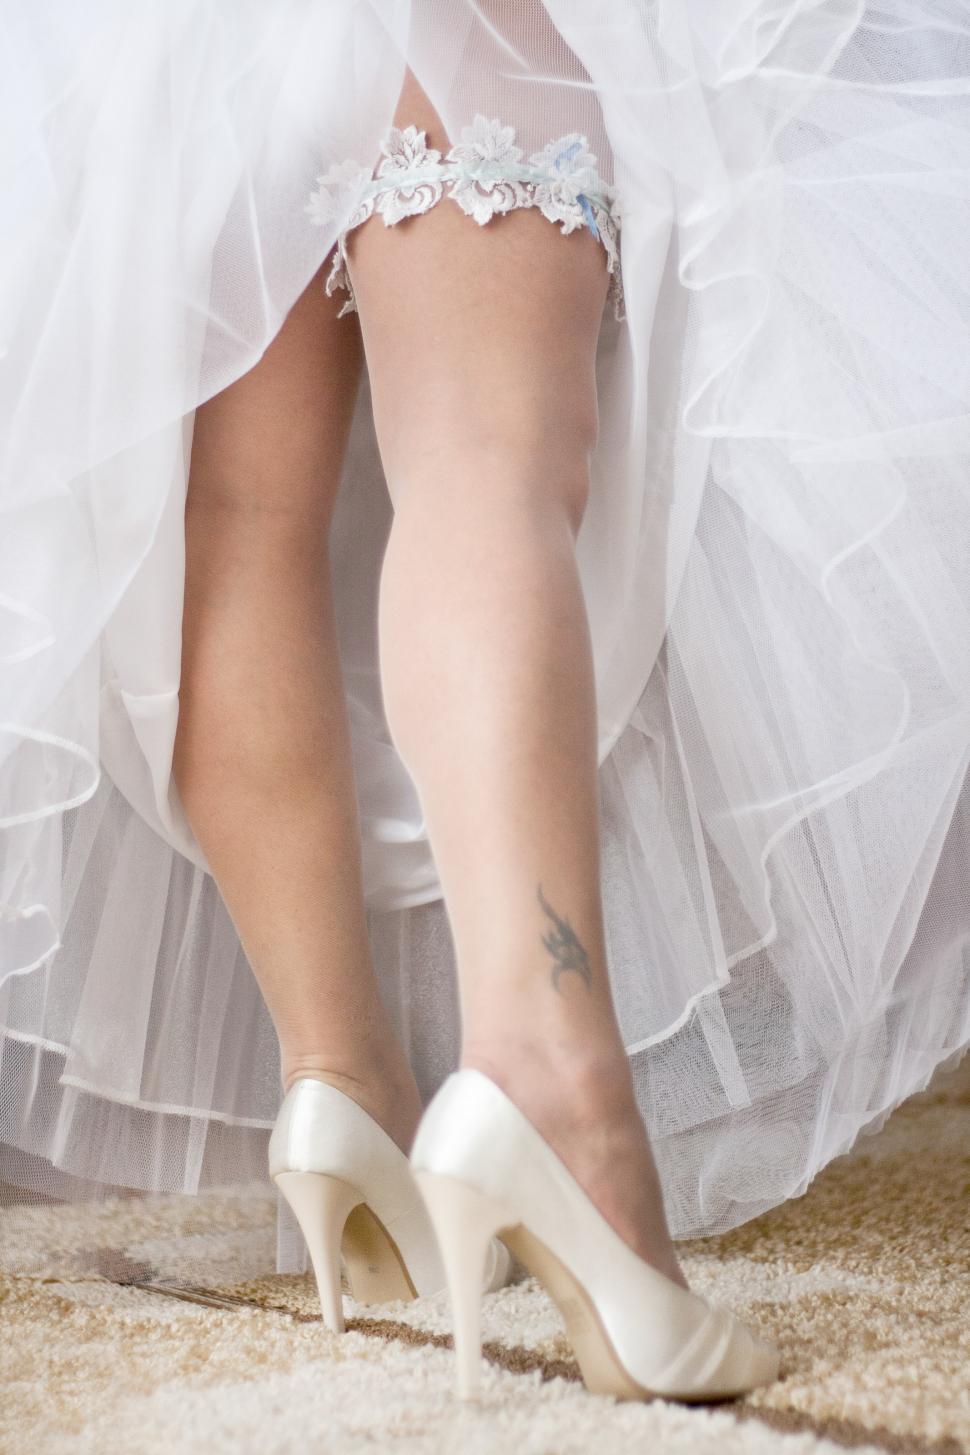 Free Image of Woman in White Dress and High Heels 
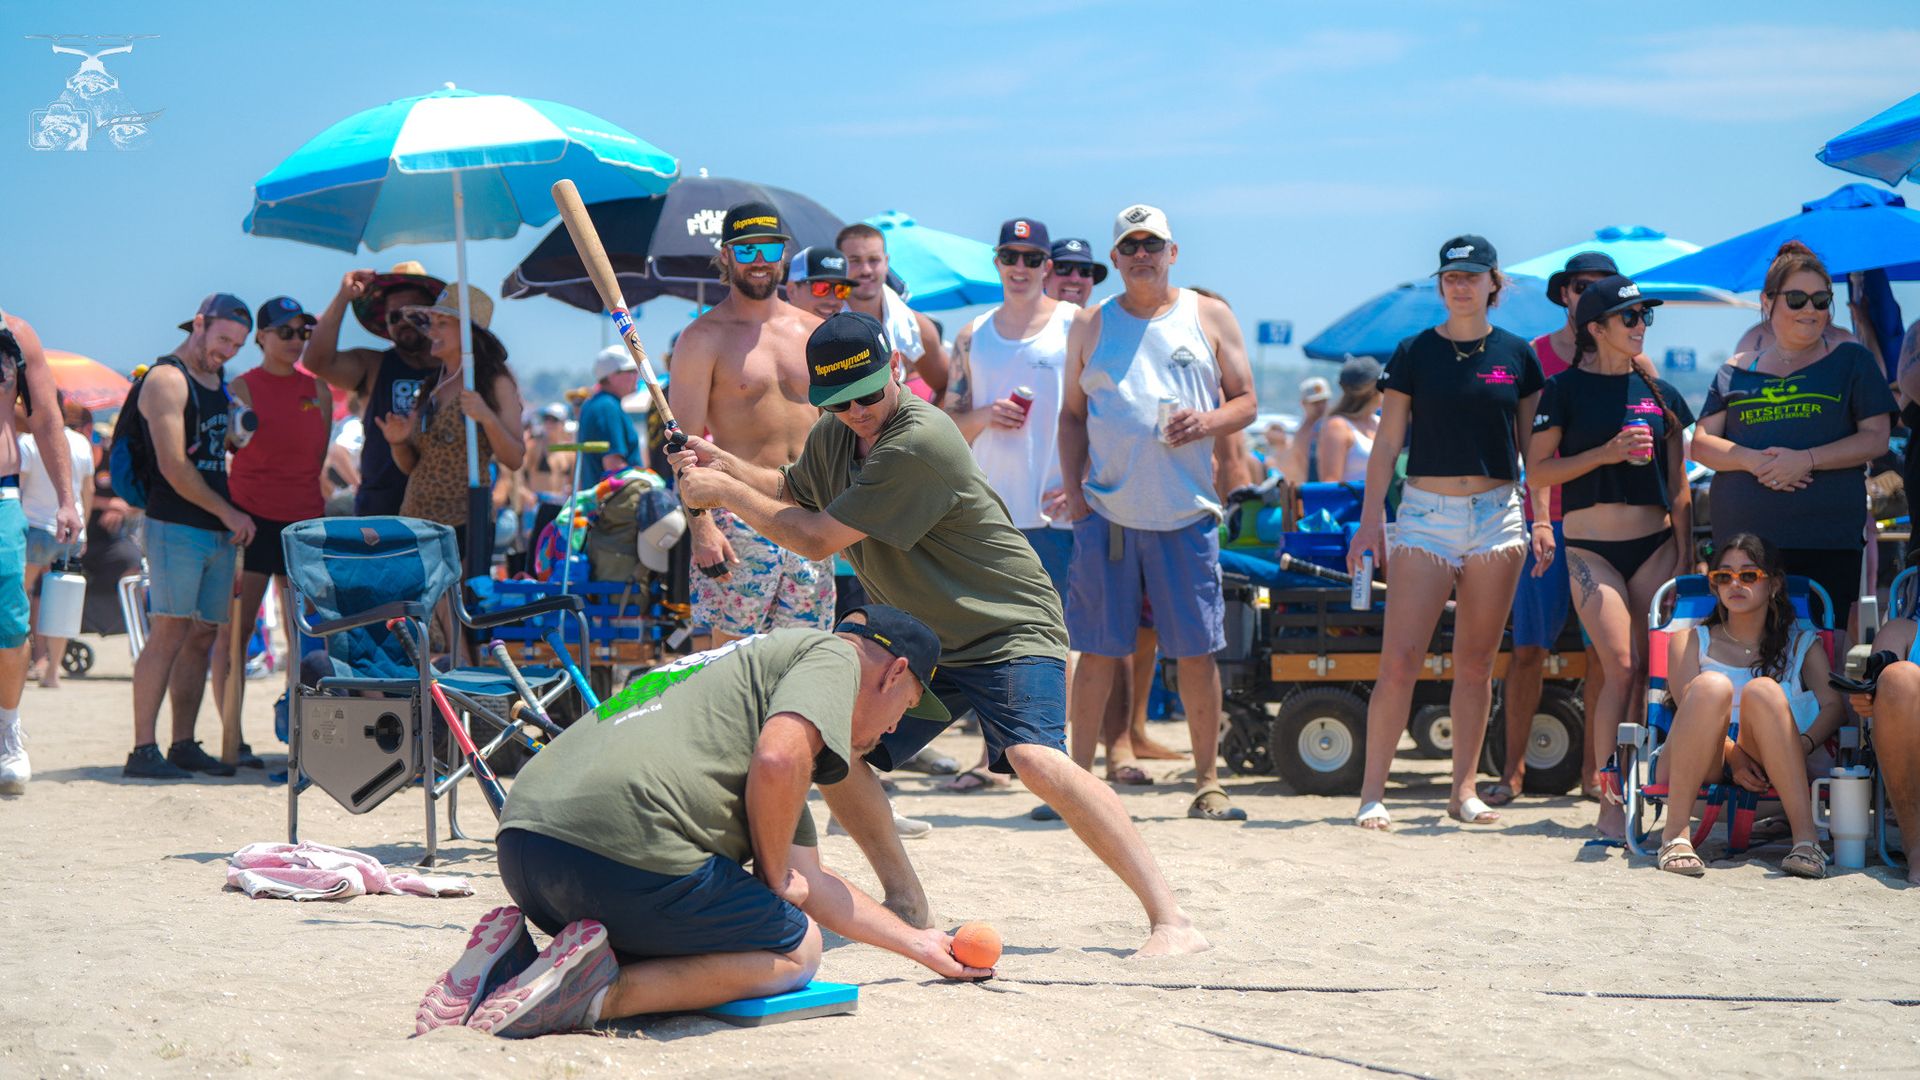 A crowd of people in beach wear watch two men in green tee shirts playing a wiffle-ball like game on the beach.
==
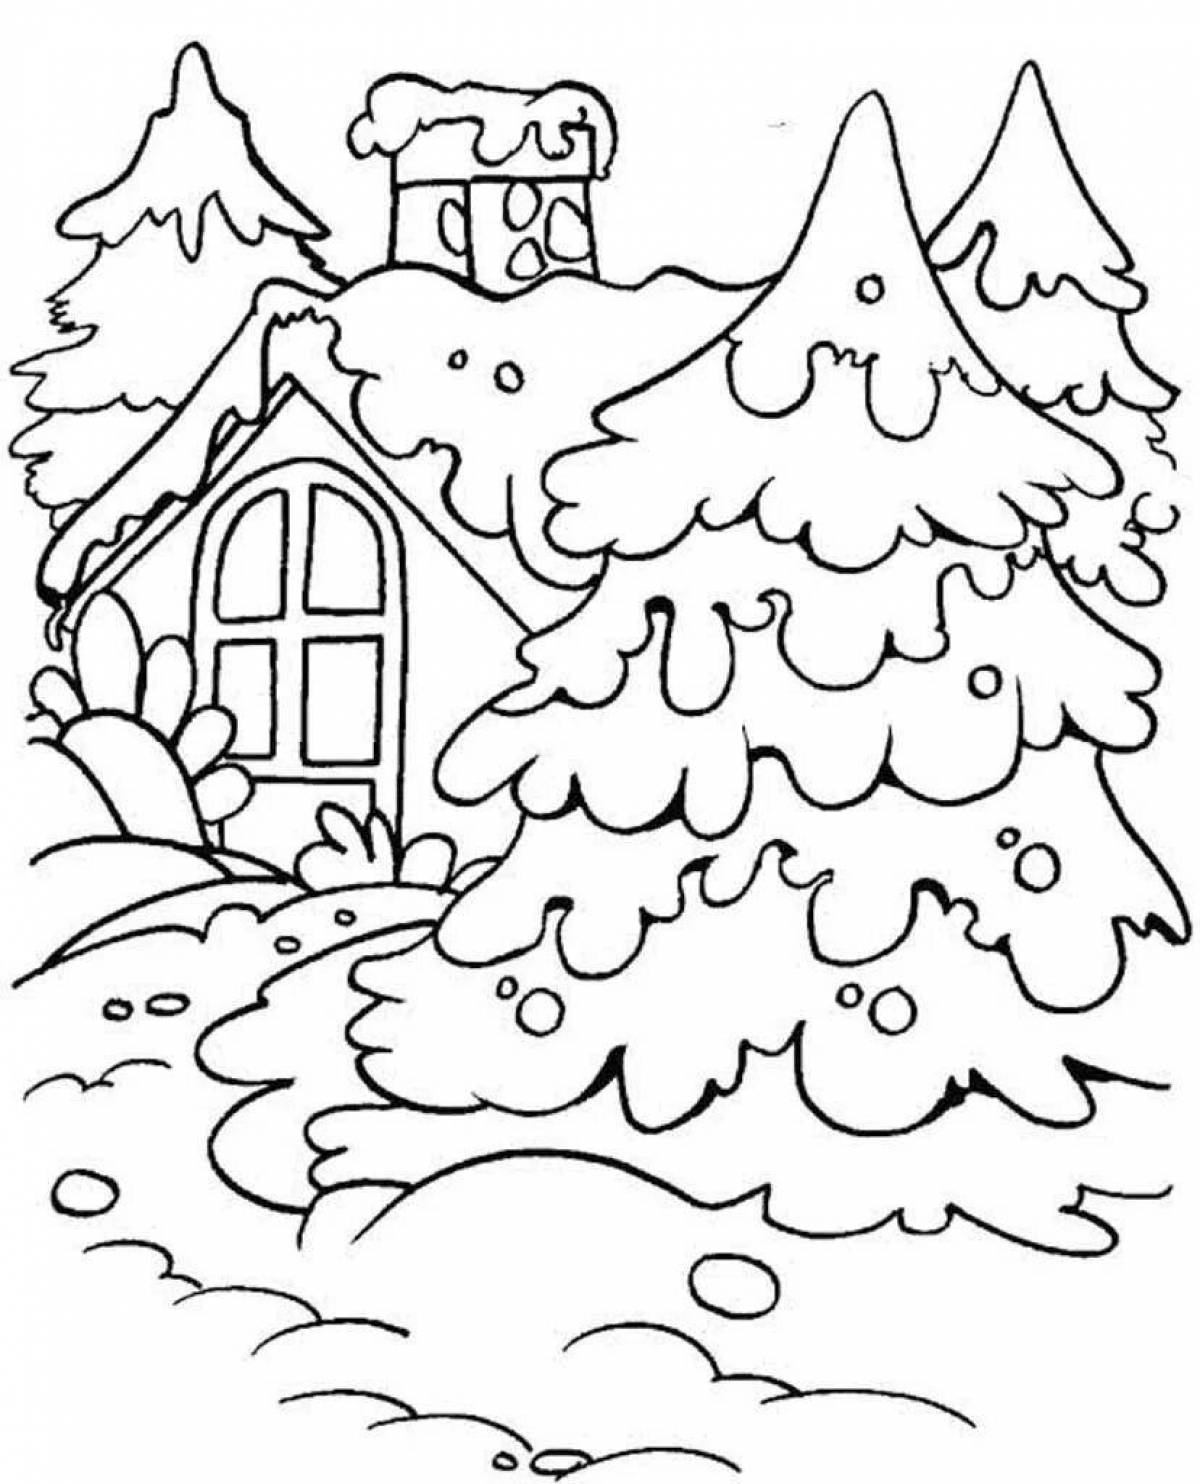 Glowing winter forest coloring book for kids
* * *
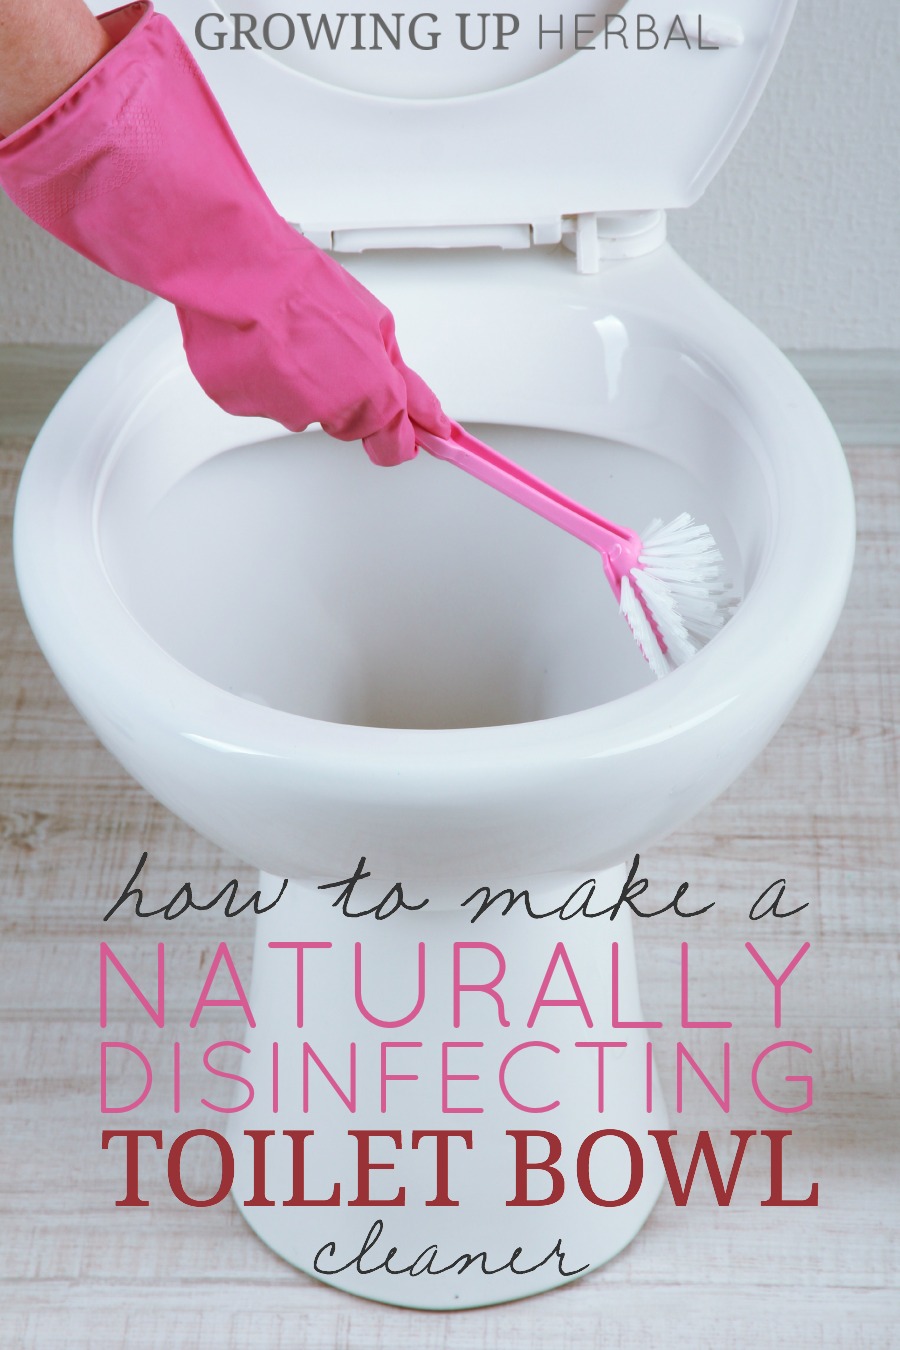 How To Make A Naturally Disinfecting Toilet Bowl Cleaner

Required work>
Each line between the one holding "Free Image of" and the one holding "A crowd of people", inclusive, should be copied exactly as it appears above, and pictures should be omitted.

Result for this exercise>
 Free Image of Woman in White Dress and High Heels 
 A crowd of people in beach wear watch two men in green tee shirts playing a wiffle-ball like game on the beach.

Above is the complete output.